_DATA EXCERPT_:
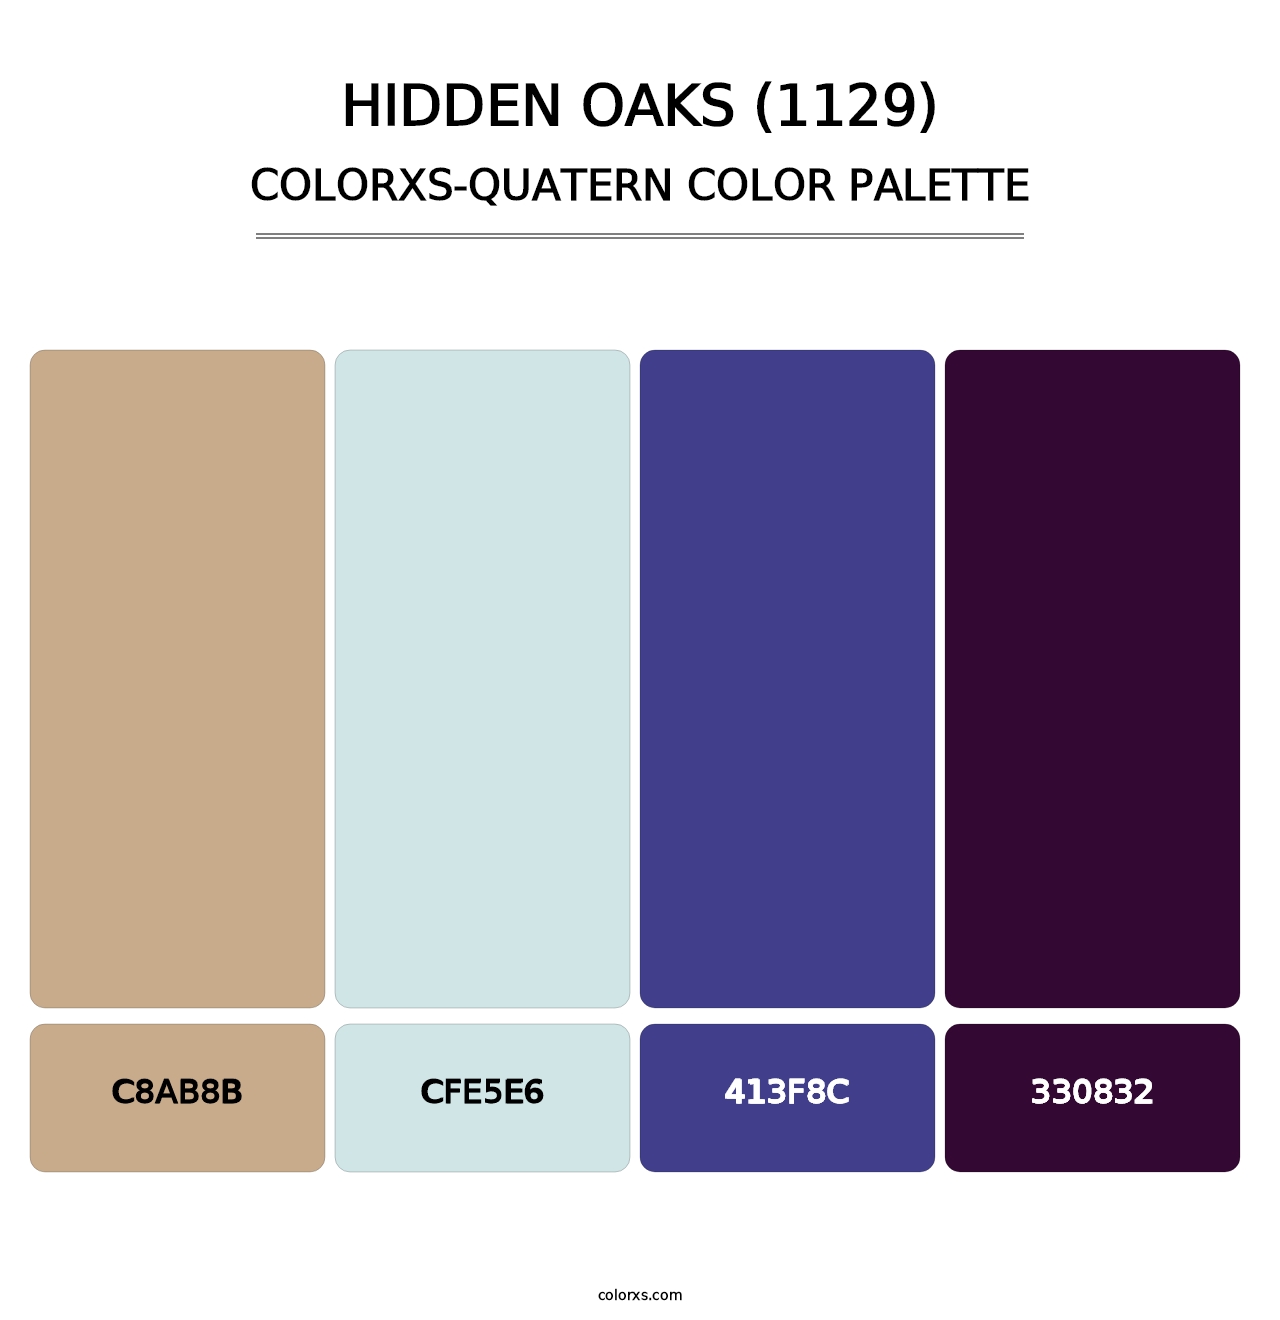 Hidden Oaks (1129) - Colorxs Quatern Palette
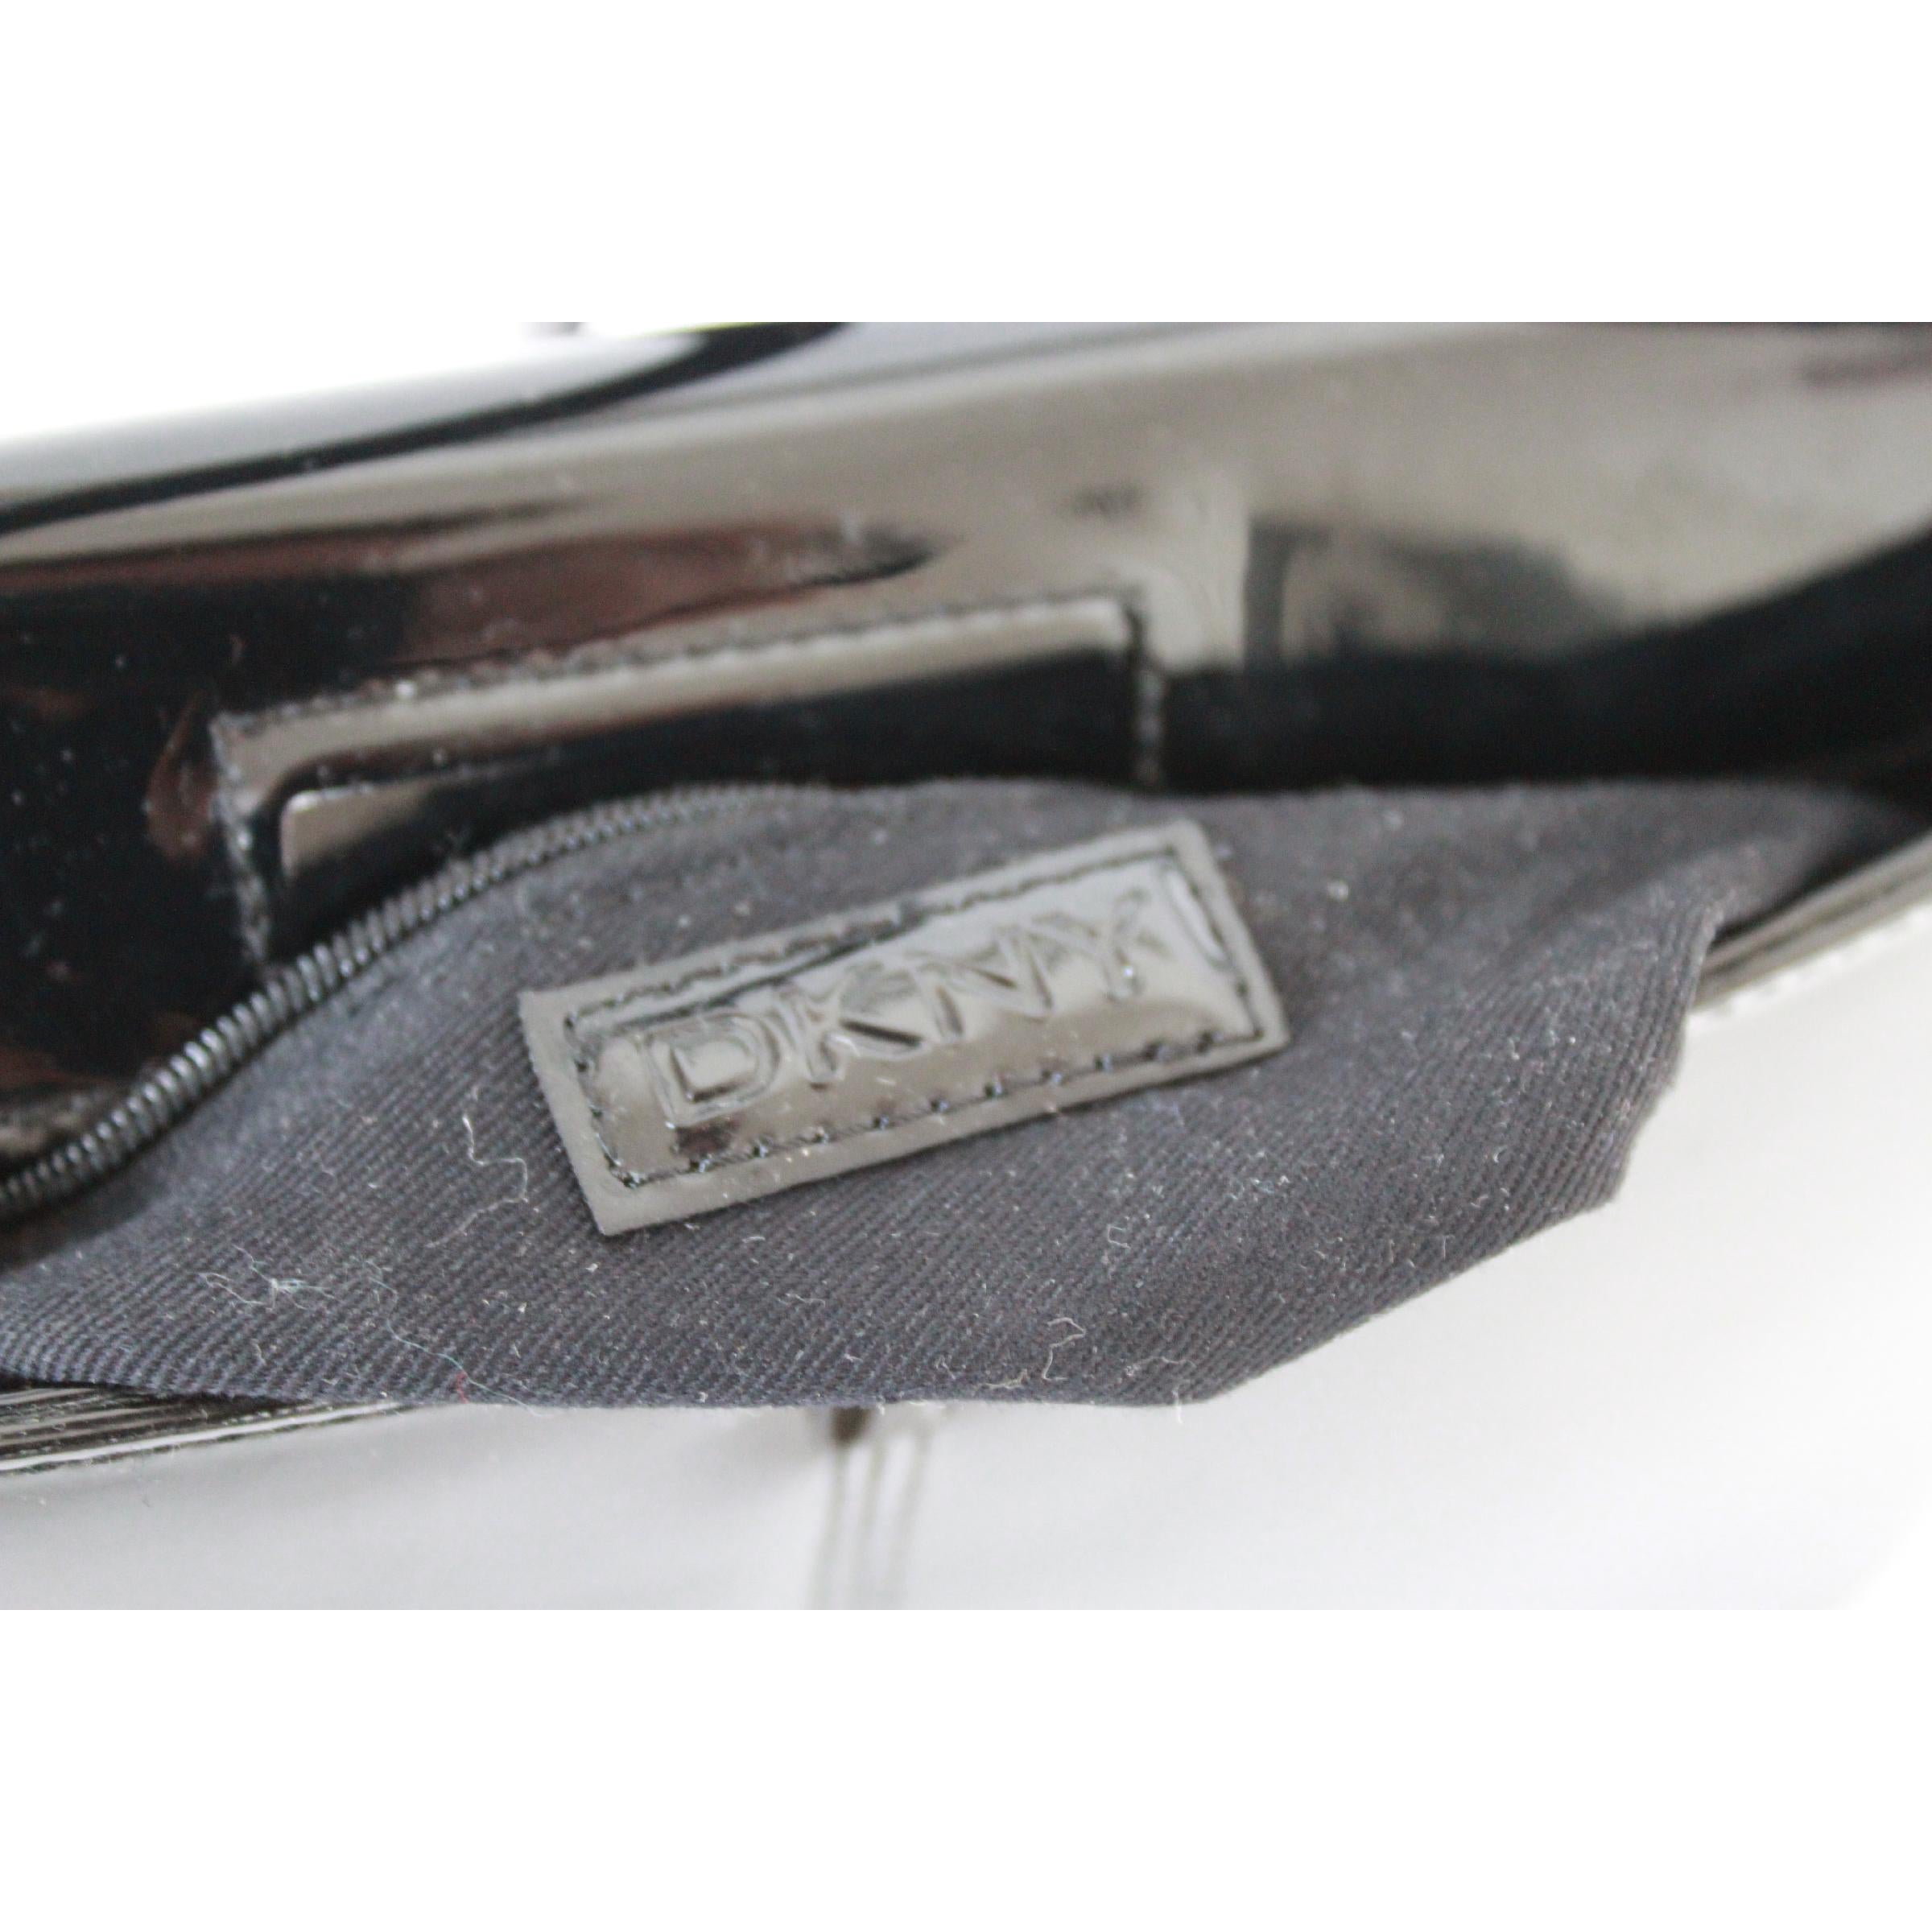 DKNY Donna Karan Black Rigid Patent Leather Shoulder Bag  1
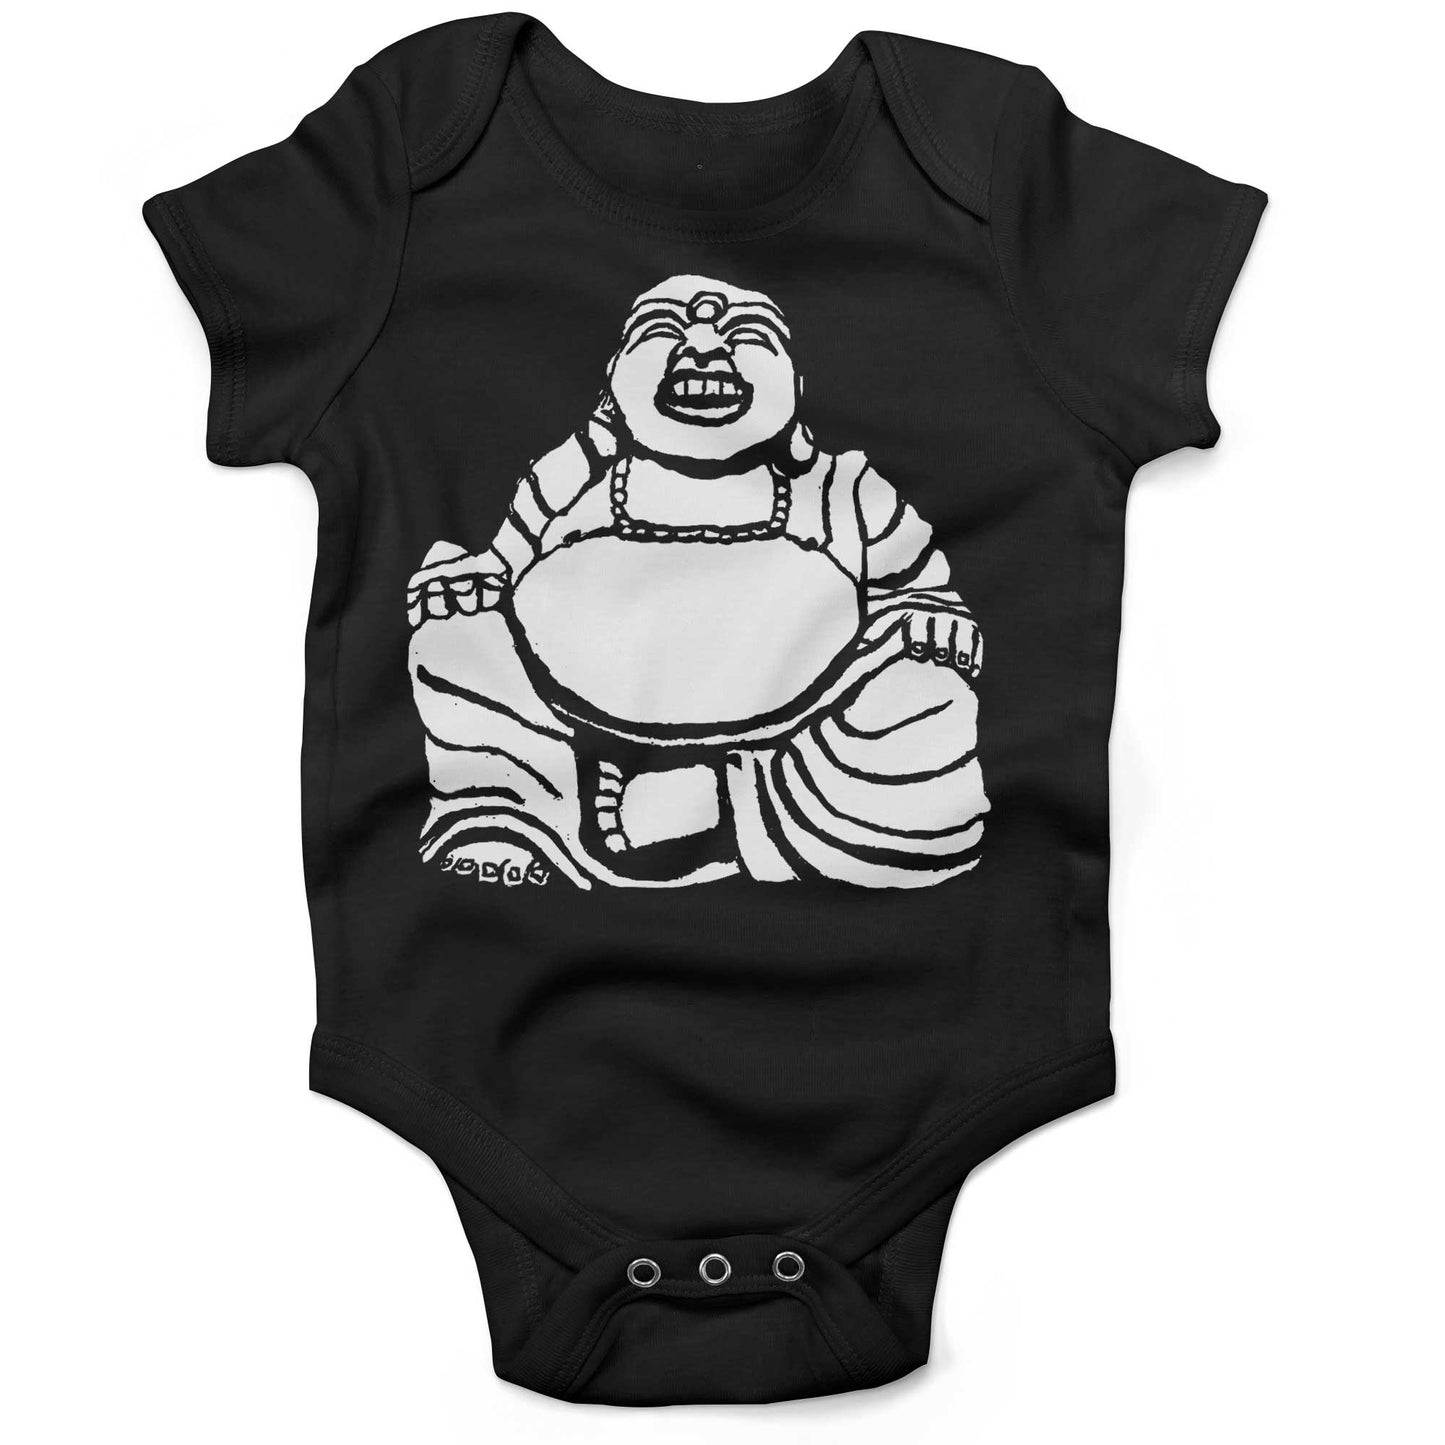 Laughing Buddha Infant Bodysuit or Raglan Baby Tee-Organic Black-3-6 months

_EXERCISE DIRECTIONS_: If the data includes images, skip them and copy every line exactly.

_RESULT_:
 Hidden Oaks (1129) - Colorxs Quatern Palette
 DKNY Donna Karan Black Rigid Patent Leather Shoulder Bag  1
 Laughing Buddha Infant Bodysuit or Raglan Baby Tee-Organic Black-3-6 months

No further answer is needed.